The panel, titled "One People, One Voice: Standing Up for Alaska's Salmon and Our Way of Life," brought together representatives from the Tanana Chiefs Conference, the Association of Village Council Presidents, the Alaska Federation of Natives, the Craig Tribal Association, and The Tatitlek Corporation. A separate Tanana Chiefs Conference account of the event also lists the Central Council of the Tlingit and Haida Indian Tribes of Alaska among the presenting organizations. Panelists described declining Chinook and chum salmon runs across those river systems as a compounding emergency, framing it as part of a broader Indigenous food-sovereignty and co-management struggle that has intensified as federal and state frameworks have repeatedly sidelined Tribal voices. Alaska Native Tribes and organizations have raised these concerns before NCAI on multiple occasions, submitting several resolutions seeking support for salmon stewardship, subsistence rights, Tribal co-management, and Indigenous food sovereignty.
"This is not only a fisheries issue; it is a food security crisis, a cultural crisis, and an equity issue," said Angela Totemoff, Vice President of Community and Shareholder Relations at The Tatitlek Corporation and Chair of the AFN Subsistence Committee.
Sharon Hildebrand, Chief/Chair of Tanana Chiefs Conference, said the conservation burden has landed hardest on the people with the least power in the management system. "Across Alaska, families have made extraordinary sacrifices in the name of conservation," Hildebrand said. "Many of our communities have gone years without the opportunity to harvest the salmon that have sustained them for generations. Yet the burden of conservation continues to fall disproportionately on subsistence users."
Vivian Korthuis, Chief Executive Officer of the Association of Village Council Presidents, named the structural problem directly. "Alaska Tribes have largely been excluded from co-management frameworks despite our inherent sovereignty, stewardship responsibilities, and deep cultural and subsistence reliance on salmon," Korthuis said.

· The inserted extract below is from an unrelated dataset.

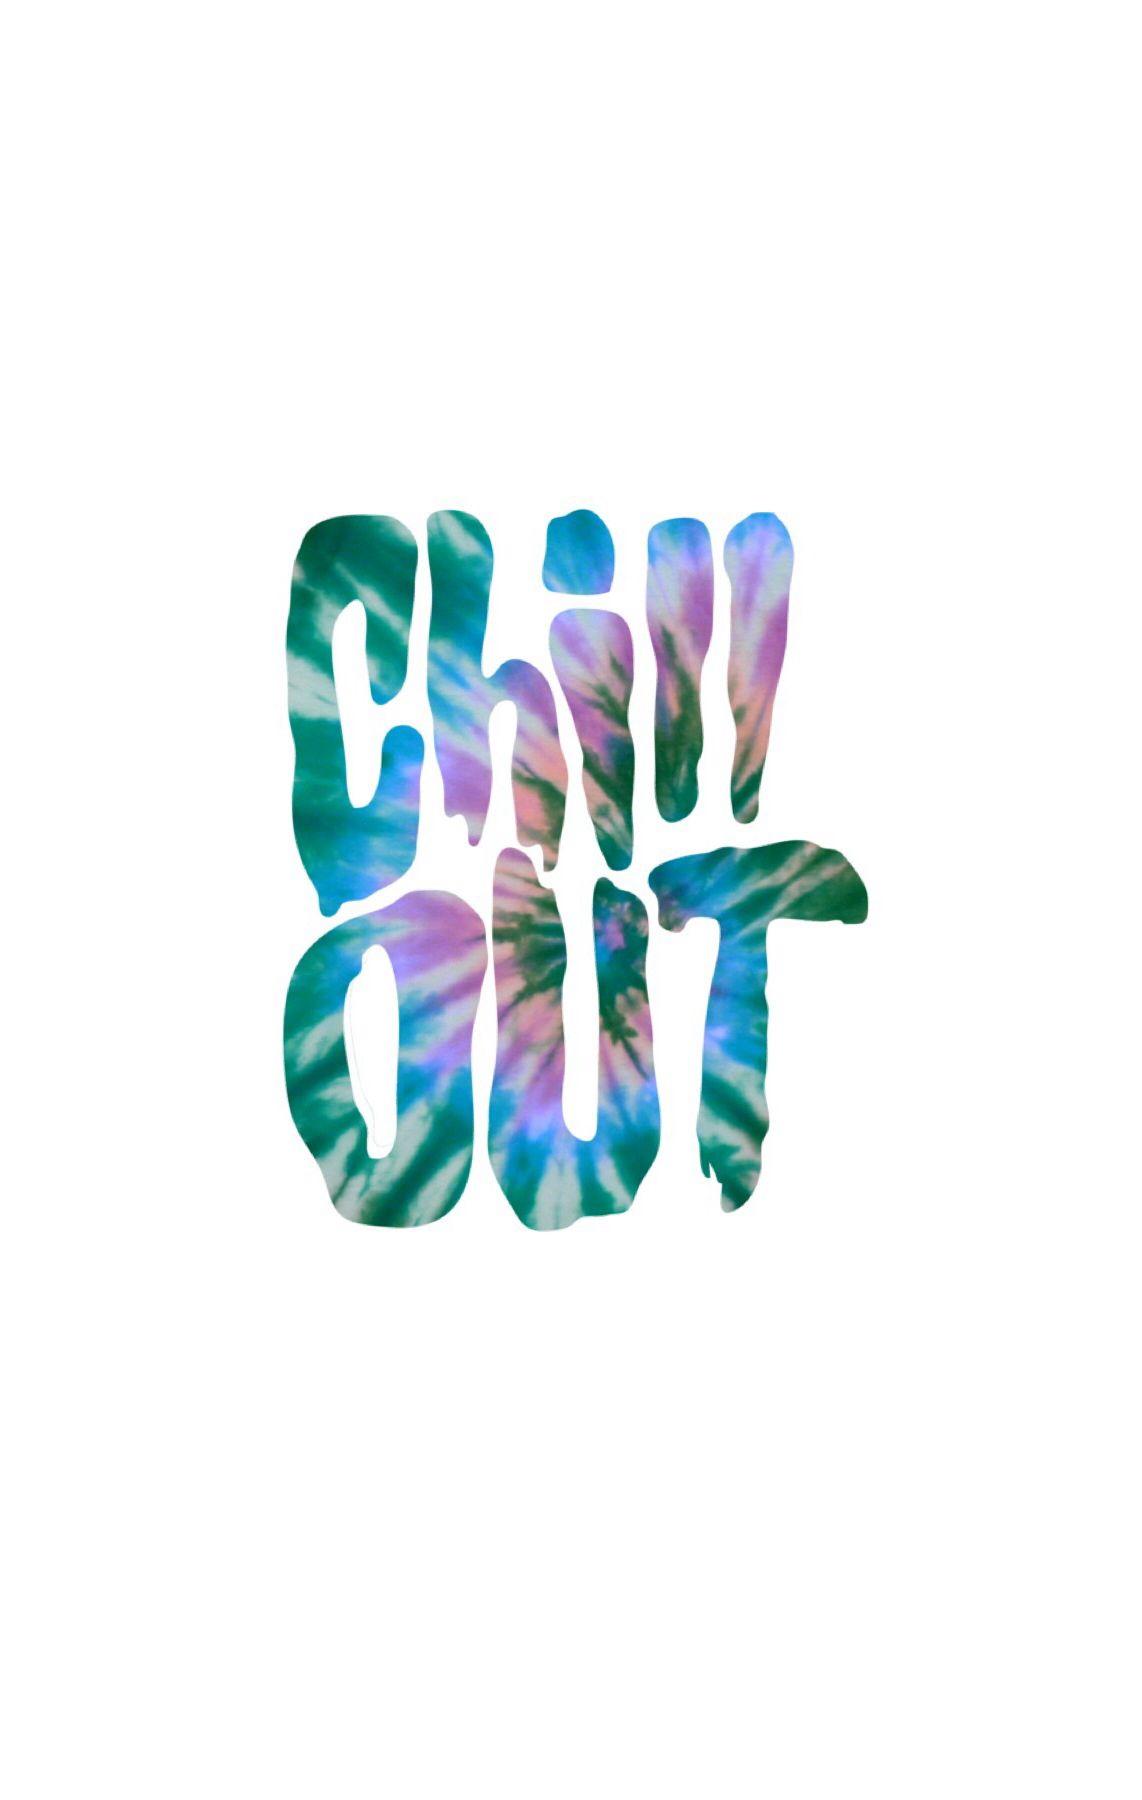 Chill out. Background/ wallpaper. Stickers

Clinton E. Cook, President of the Craig Tribal Association, framed the Alaska crisis as a warning for Indigenous peoples everywhere and called on Tribal Nations across the country to stand with Alaska. "When one Tribe's ability to sustain its way of life is challenged, it is a warning to us all," Cook said. "We must come together, as one collective voice, to protect Indigenous rights everywhere."